Batch Gradient Descent

The scheme of batch GD is to compute the loss for every element in a dataset, then update the parameter by the mean of loss until the loss function converges to the minimum.

Given the lost function

\[\begin{equation*} J(\theta) = \frac{1}{2}\sum_{i=1}^m\left(h_{\theta}(x)^{(i)} - y^{(i)}\right)^2 \end{equation*}\]

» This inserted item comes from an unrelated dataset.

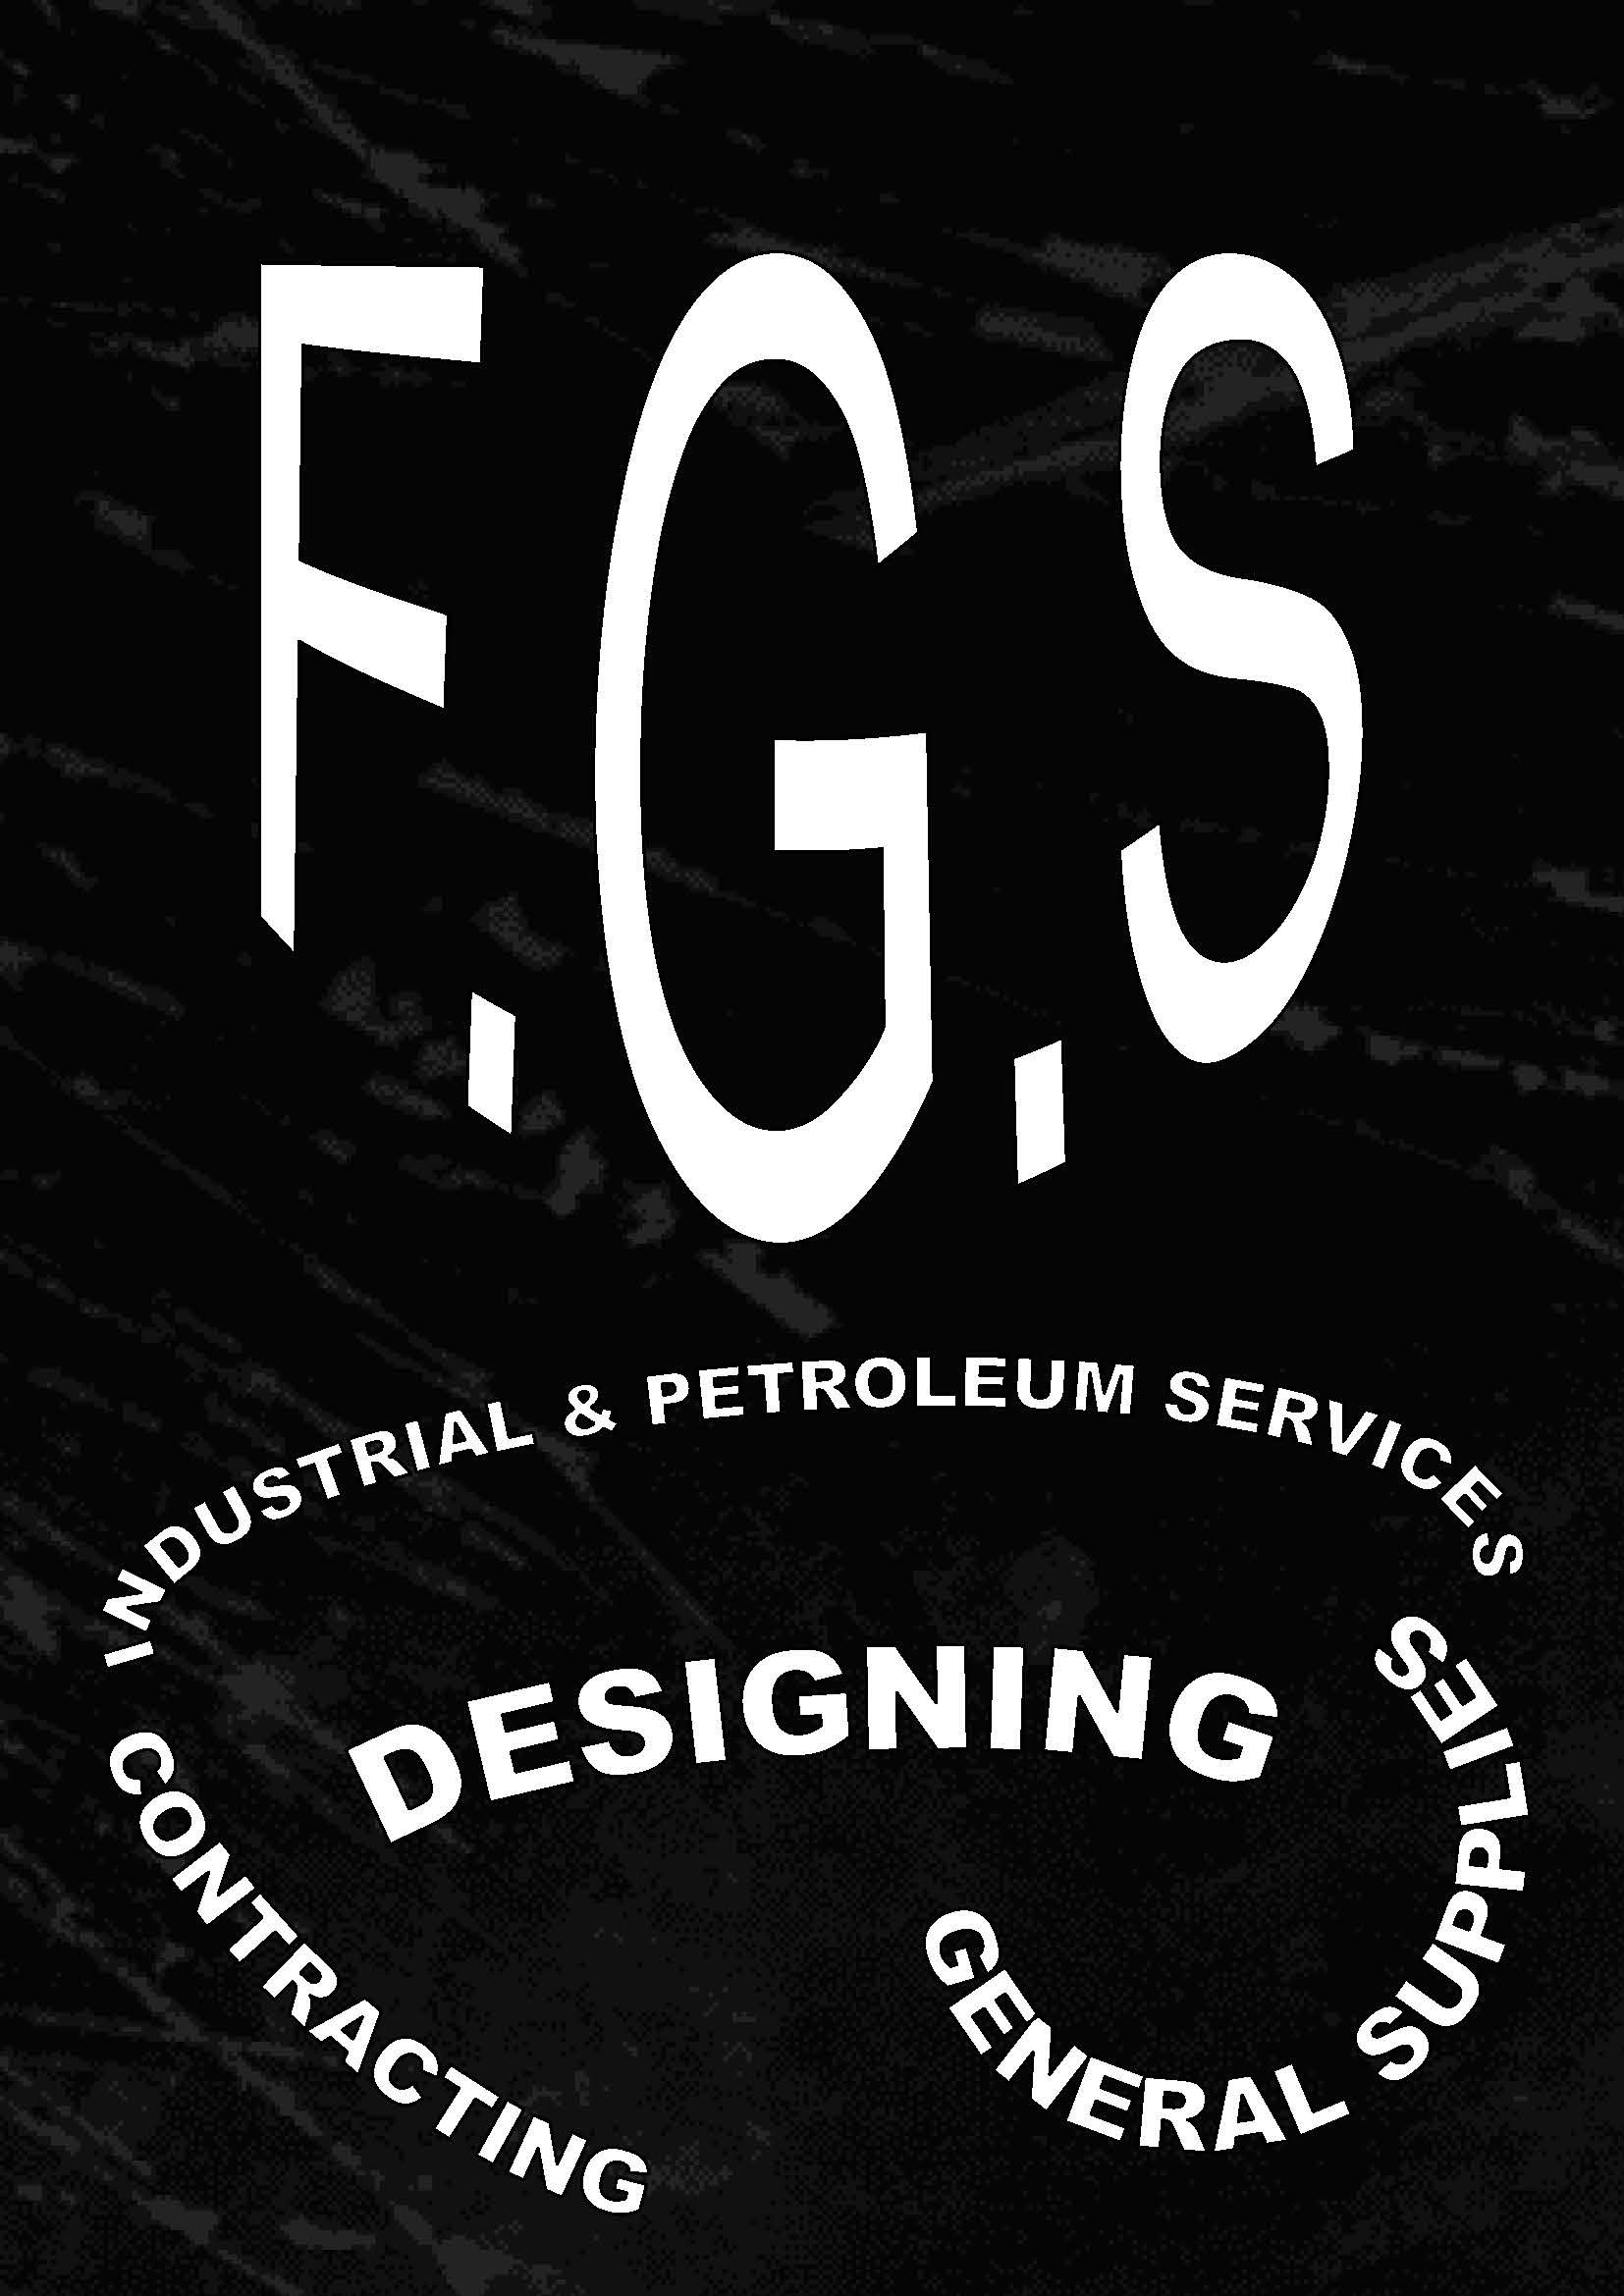 Ferotal General Contracting & Supplies (F.G.S) Main Image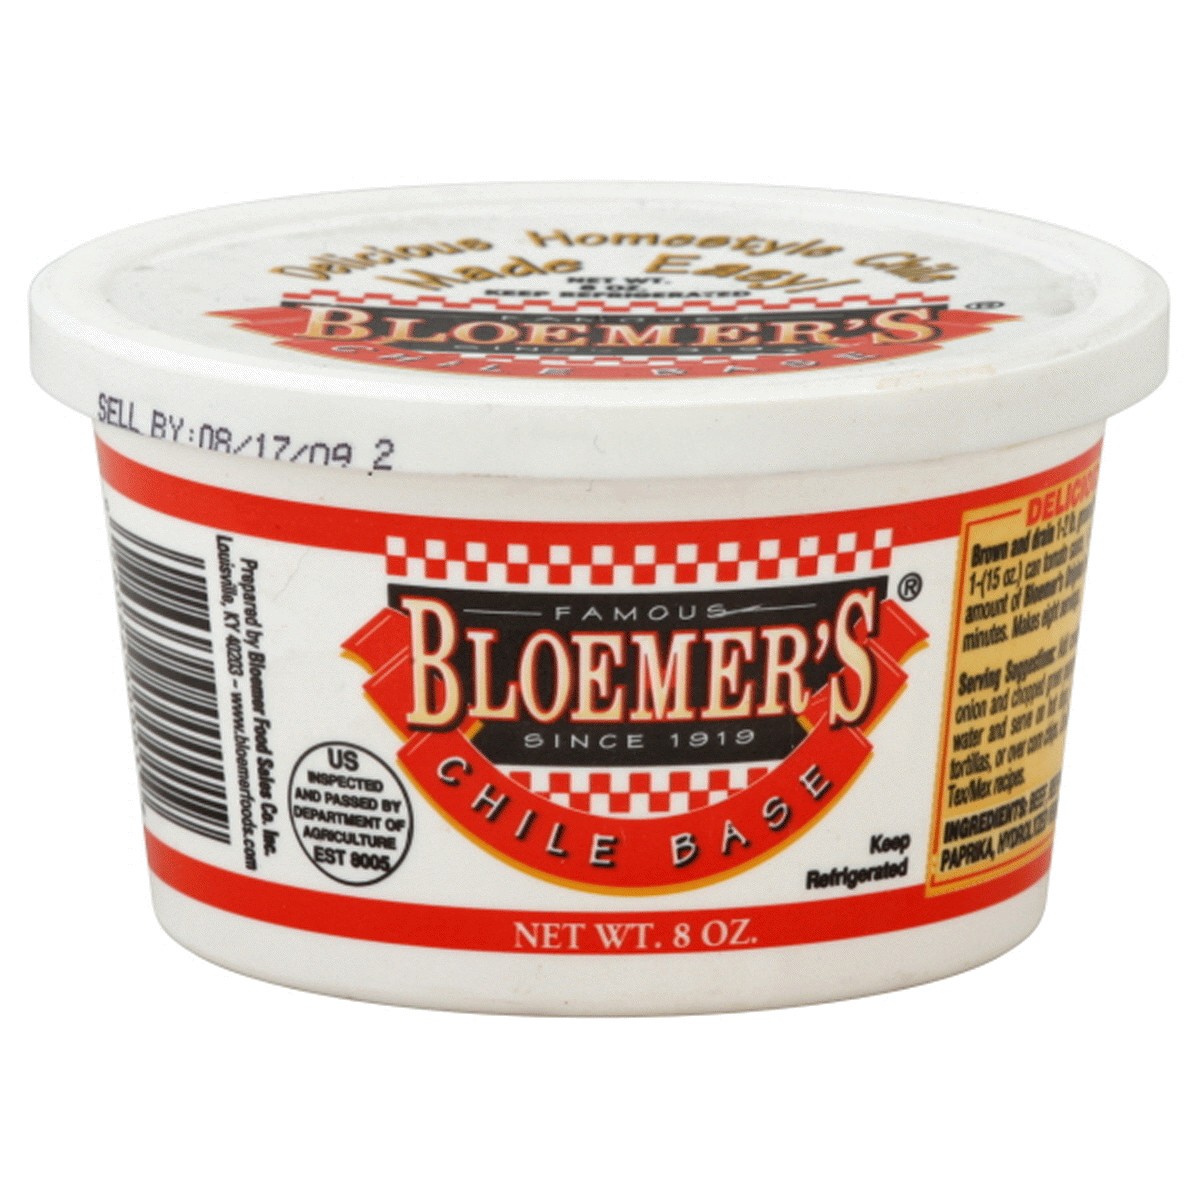 slide 1 of 1, BLOEMERS Famous Bloemer's Chile Base, 8 oz

We want to choose $\theta$ that minimizes \(J(\theta)\).

Algorithm ($n\geq 1$) :

We pick an initial value of $\theta$,

repeat until convergence: $\bigg { $

\[\theta_j := \theta_j -\alpha \frac{1}{m} \sum_{i=1}^m \frac{\partial J(\theta)}{\partial \theta_j} \quad \textrm{for } j= 0,...,n\\ \implies \theta_j := \theta_j -\alpha \frac{1}{m}\sum_{i=1}^m (h_{\theta}(x^{(i)}) - y^{(i)})\cdot x_j^{(i)} \quad \textrm{for } j:= 0,...,n\]

$\bigg }$

where $\alpha$ is the learning rate.

References

(1): Lecture Notes of CS229 - Learning Regression, Classification and Logistic Regression, Generalized Linear Models

(2): Lecture Notes of Convex Optimization 10-725: Newton’s Method

(3): “Burden, R. L., & Faires, J. D. (2011). numerical analysis.”

(4): “Nesterov, Yurii. (2004). Introductory Lectures on Convex Optimization, A Basic Course.”